In addition to helping raise awareness in the industry, Dr. Rasco is collaborating with other researchers to develop chemical marker methods for predicting the adequacy of food pasteurization and sterilization treatments.
Berry producer Driscoll’s adheres to a rigorous food safety program based on the FDA’s Good Agriculture Practices (GAPs) principles reinforced through education, laboratory assays and annual third-party audits. Its independent farmers are leaders in Integrated Pest Management, which relies on natural and synthetic means to control disease and pests.
Driscoll’s also puts a lot of emphasis on tracking and tracing. Its “Follow Us to the Farm” program lets consumers digitally track the 12-digit HarvestMark code on the clamshell package to learn about the farm where the berries were grown and other information. Meanwhile, if a recall were to occur, the company’s barcode-based inventory tracking system can identify the field and harvest date for all its berries.
Given the food safety concerns associated with China, it’s timely that Ecolab opened its third-largest facility in the world there last August. Ecolab’s Taicang plant will manufacture a range of products for the Chinese market, including products used for food and beverage production, food retail, and dairy, meat and poultry processing.
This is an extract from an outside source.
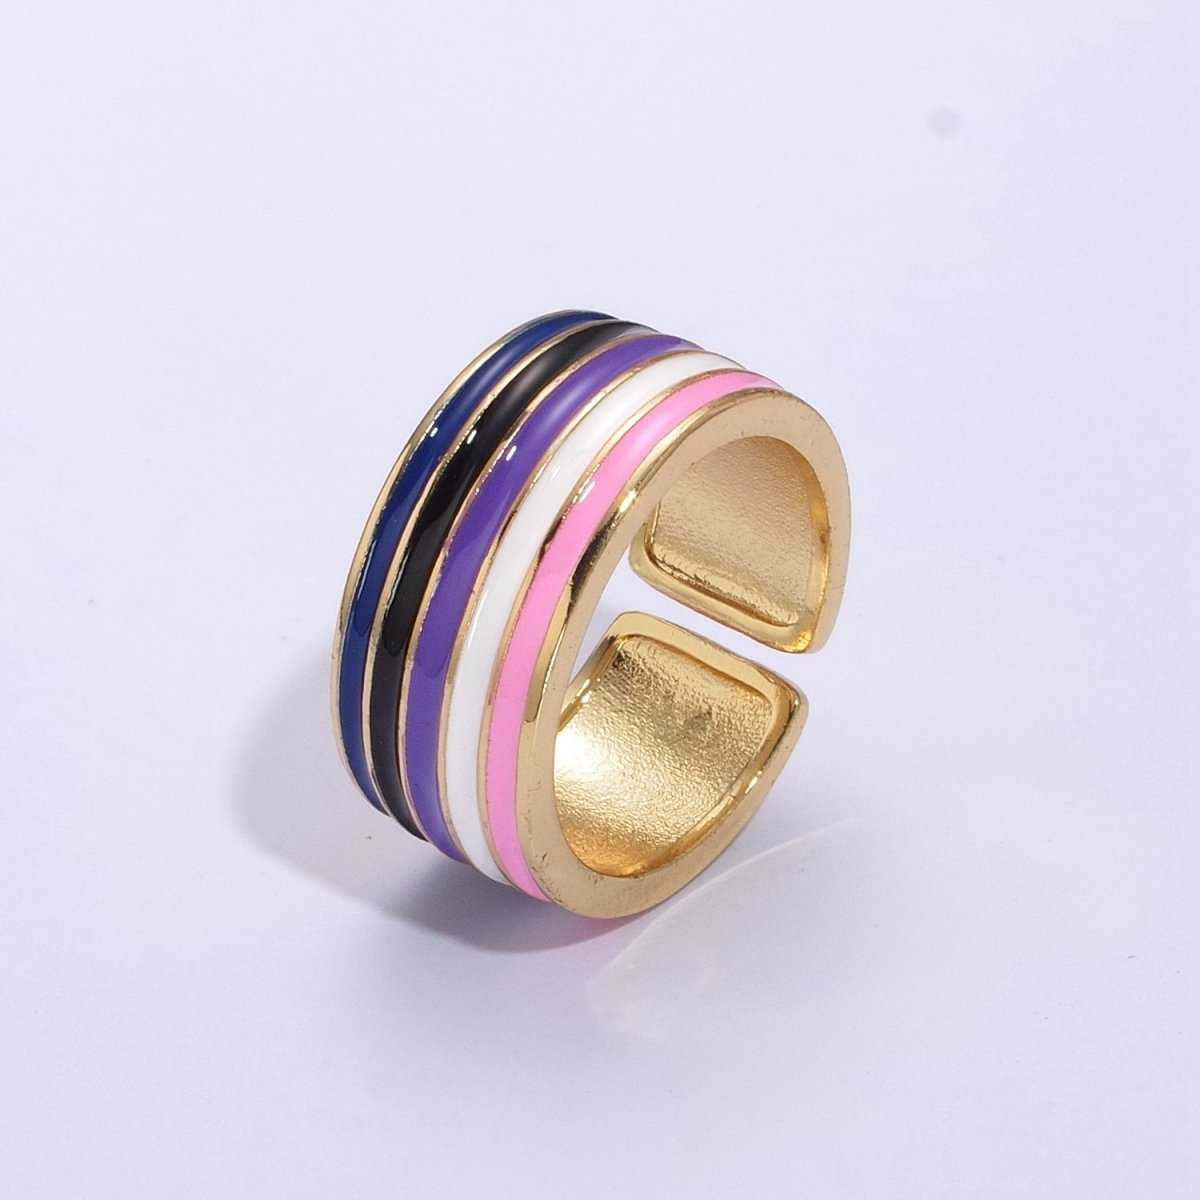 Pride Flag Rings LGBTQ Ring Gold Filled Open Adjustable Stackable Ring Trans Gay Pansexual Nonbinary Non Binary Bisexual Genderfluid Asexual Genderqueer U-061~U-068 - DLUXCA

In addition to enhancing food safety, the company’s products and services extend to water, hygiene and energy technologies. The company also excels in sustainability. Ecolab earned a spot on the Carbon Disclosure Project’s S&P 500 Carbon Disclosure Leadership Index in 2012 for the third straight year.
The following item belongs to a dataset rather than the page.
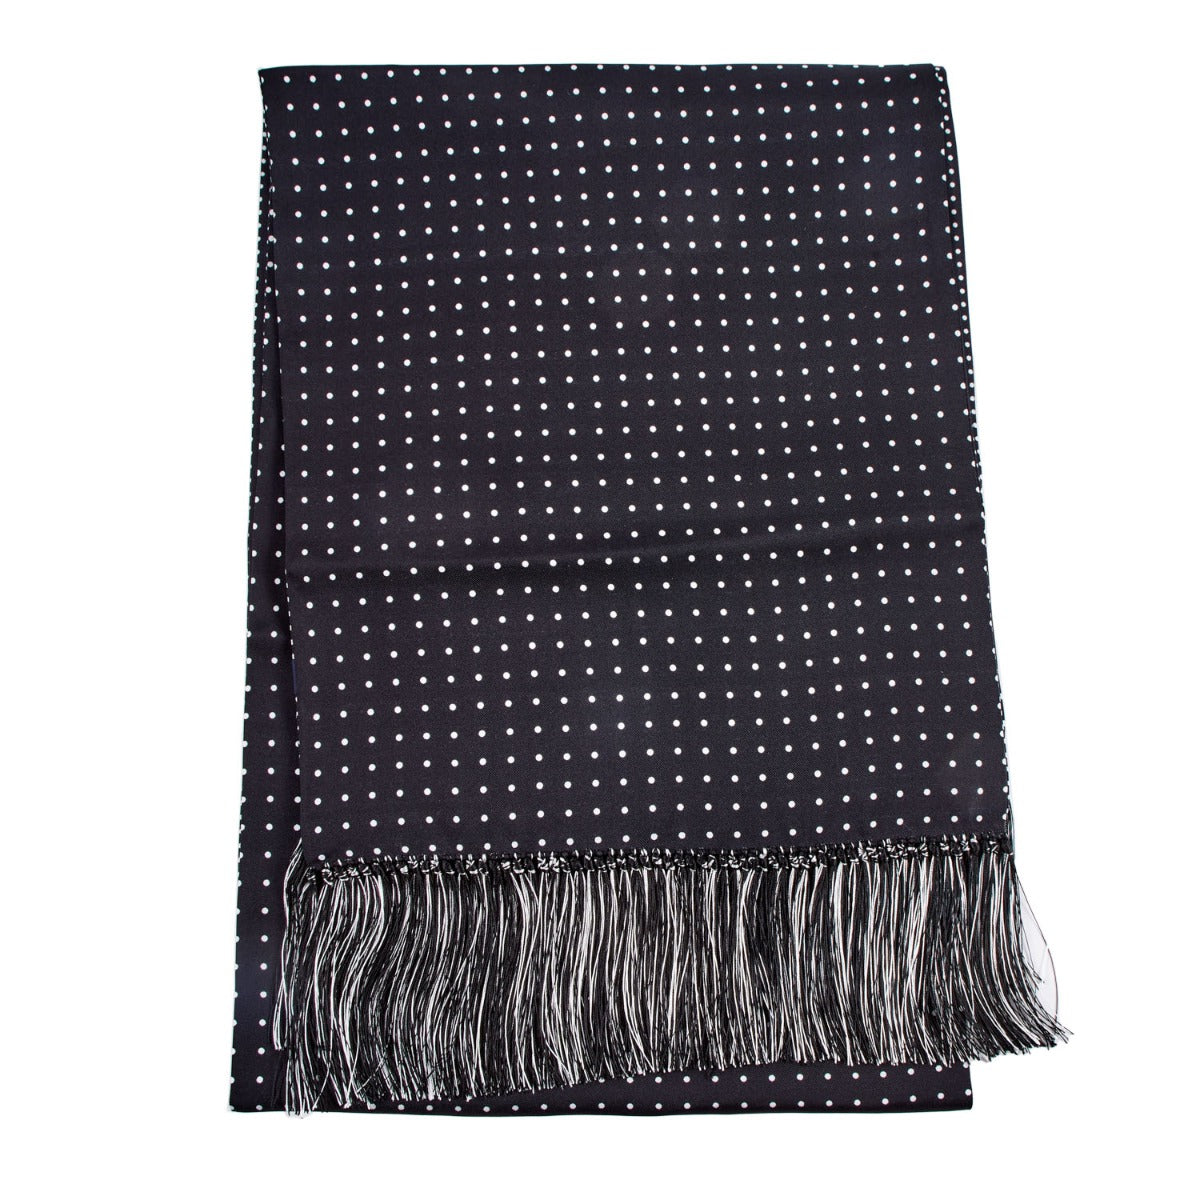 A Sovereign Grade Black London Dot 36oz Reversible Printed Silk Scarf with fringes, perfect for winter, from KirbyAllison.com.

Food security is becoming more worrisome as the world’s population grows and the effects of climate change grow more pronounced. One way to address the challenge is through ecosystem-based adaptation, described as “the use of biodiversity and ecosystem services as part of an overall adaptation strategy to help people and communities adapt to the negative effects of climate change at local, national, regional and global levels,” according to Dr. Richard Munang with the United Nations Environment Programme, in a recent article published in The Guardian. An ecosystem-based adaptation (EbA) approach benefits communities by providing “food security (from fisheries to agroforestry), sustainable water management, and livelihood diversification (through increasing resource-use options),” he explains.
Eindhoven University of Technology
Researchers at Eindhoven University of Technology in the Netherlands announced in February that they had invented a plastic analog-to-digital converter (ADC) that could “test” whether the food inside a package was safe to eat. The ADC is a breakthrough when it comes to food safety and food waste, considering that millions of tons of food are thrown out each year because the “best before” date has passed even though the product is safe.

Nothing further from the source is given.